Black dogfish are another relatively small, deep-water shark that are found in the North and South Atlantic at depths of up to 1,600 meters. It is thought that they may even be able to produce their own light through a process called bioluminescence. As their name suggests, they are almost completely black, helpingto camouflage them in their deep-water habitats. Much like their cousin, the spiny dogfish, black dogfish also have venom-producing spines originating at the front of both of their dorsal fins. The black dogfish’ spines, however, are white, which stands out in stark contrast to their sleek, black body.

Bluntnose sixgill shark (Hexanchus griseus)

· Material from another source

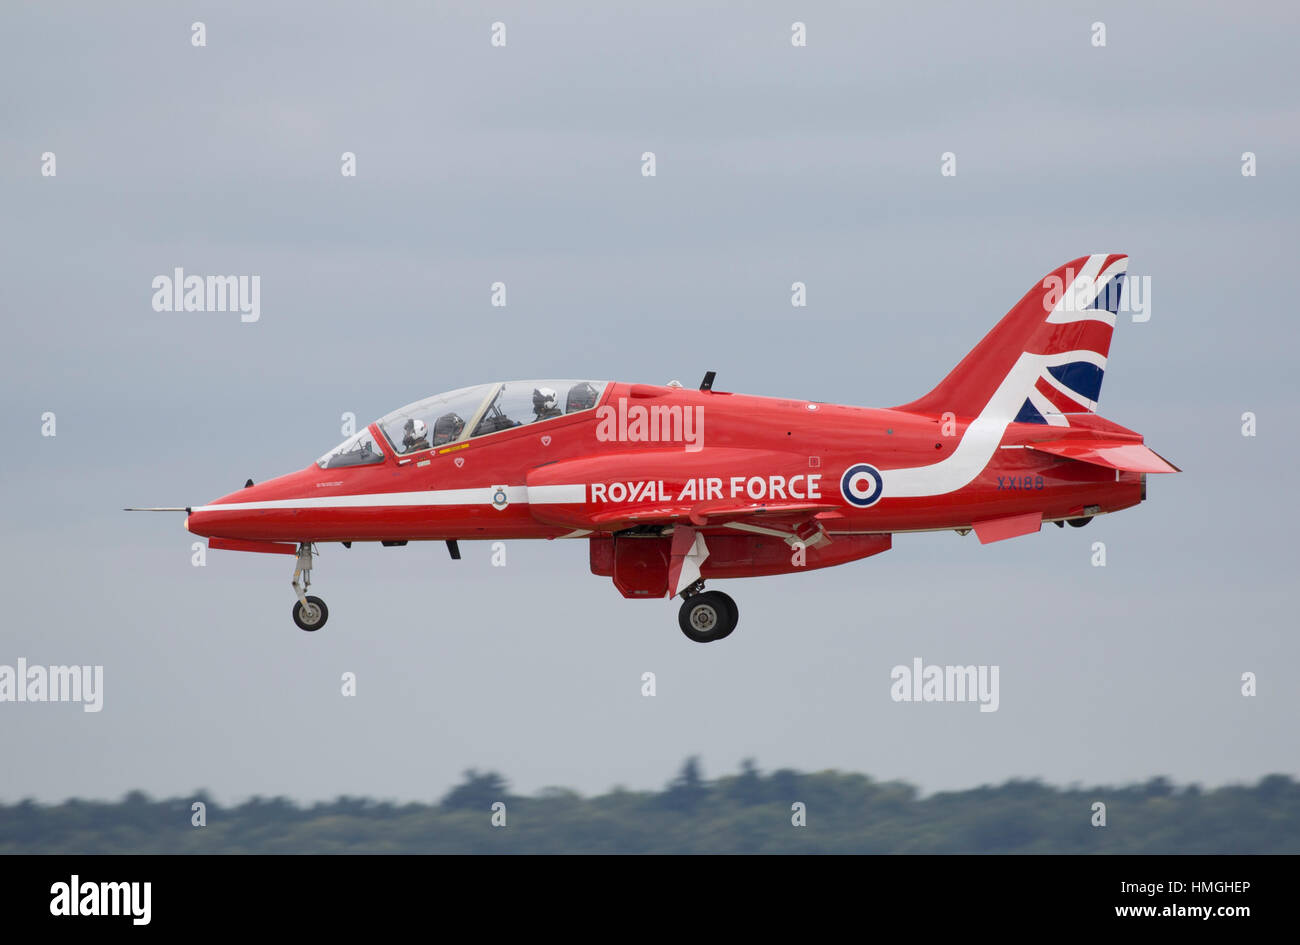 Royal Air Force d'avions BAe Hawk T1 de l'affichage des flèches rouges à l'atterrissage à l'équipe de Farnborough International Air Show 2016 Banque D'Images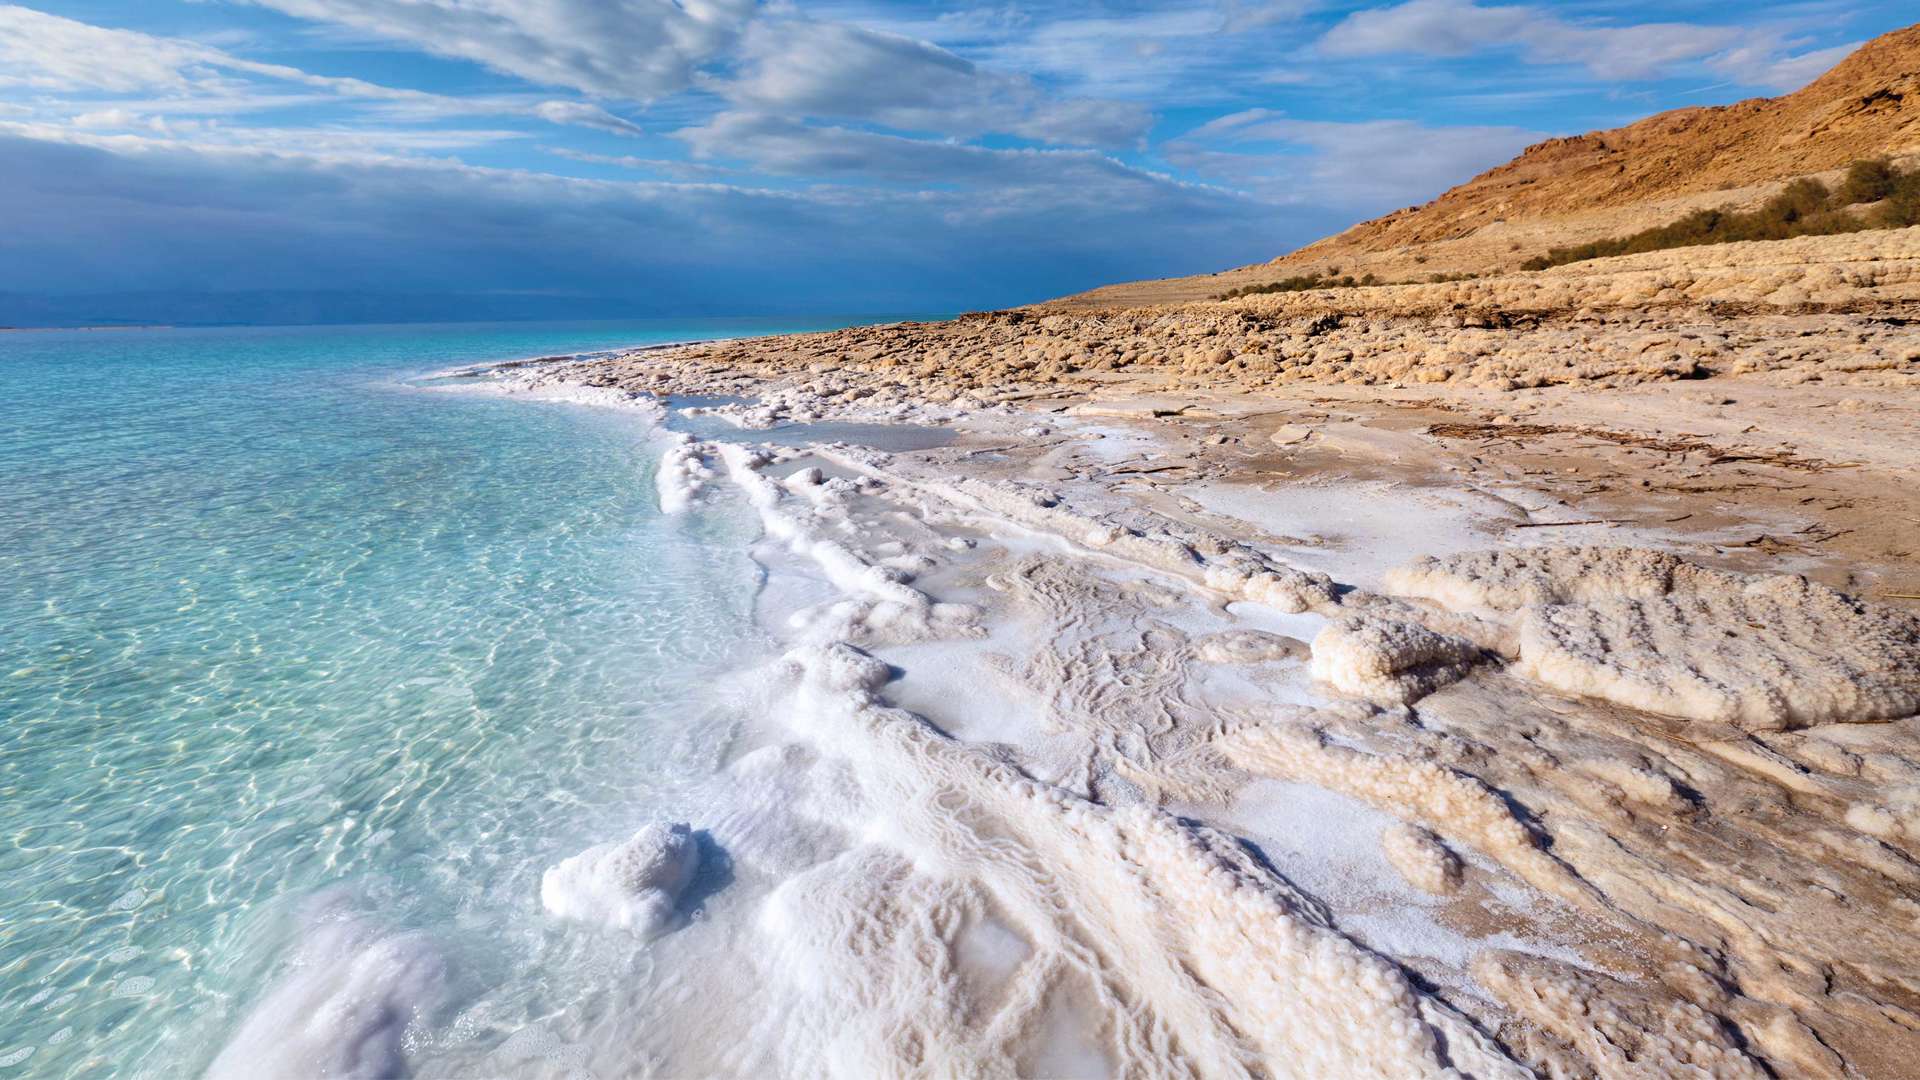 Dead Sea Coastline, Jordan

The bluntnose sixgill shark is widely distributed in tropical and temperate seas around the world. In Canada, they are most commonly seen off of the coast of British Columbia. While most sharks have five gill slits, as their name suggests, the bluntnose sixgill shark actually has six gill slits. This trait is common in more prehistoric shark species. Other traits that bluntnose sixgill sharks possess that are considered to be more ancient include the location of the dorsal fin close to the tail and the presence of a translucent eyelid.

Bluntnose sixgill shark Hexanchus griseus

Pacific sleeper shark (Somniosus pacificus)

Pacific sleeper sharks are only found in the North Pacific, from Japan to the Bering and Chukchi Seas down to California. They are closely related to Greenland sharks, with both being considered very slow moving, cold, deep-water species. They are scavengers, using suction and their sharp cutting teeth to feed on carcasses on the ocean floor. Pacific sleeper sharks are frequently seen in small groups when feeding, a trait common among scavenger species as it helps them to find more food.

Brown catshark (Appisturus brunneus)

Brown catsharks are found in the Eastern Pacific from Alaska south to Mexico, with some sightings in Panama, Ecuador and Peru. They are small, deep-water sharks that are believed to be a solitary, nocturnal species. Not much is known about brown catsharks due to their elusive behaviour and deep-water habitats. 

Brown catshark Appisturus brunneus

Tope (Galeorhinus galeus)

The tope shark can be found in temperate waters around the world except in the Northwest Pacific and the Northwest Atlantic. In Canada, you can find them off of the Pacific coast in British Columbia. They are a slender, small- to medium-sized shark and commonly feed on schools of fish such as cod, herring, sardines and whiting. They are a highly migratory schooling species and are able to travel more than 56 kilometers (35 miles) in one day.

Salmon shark (Lamna ditropis)

You can find salmon sharks throughout subarctic and temperate waters of the North Pacific, where they are common in waters between 2.5 and 24 degrees Celsius. They are very similar in size and shape to great white sharks, but unlike great whites they are much darker and are covered in dark blotches on their white underbelly. They are named after their favourite food, Pacific salmon, but they are opportunistic feeders and will eat most bony fish.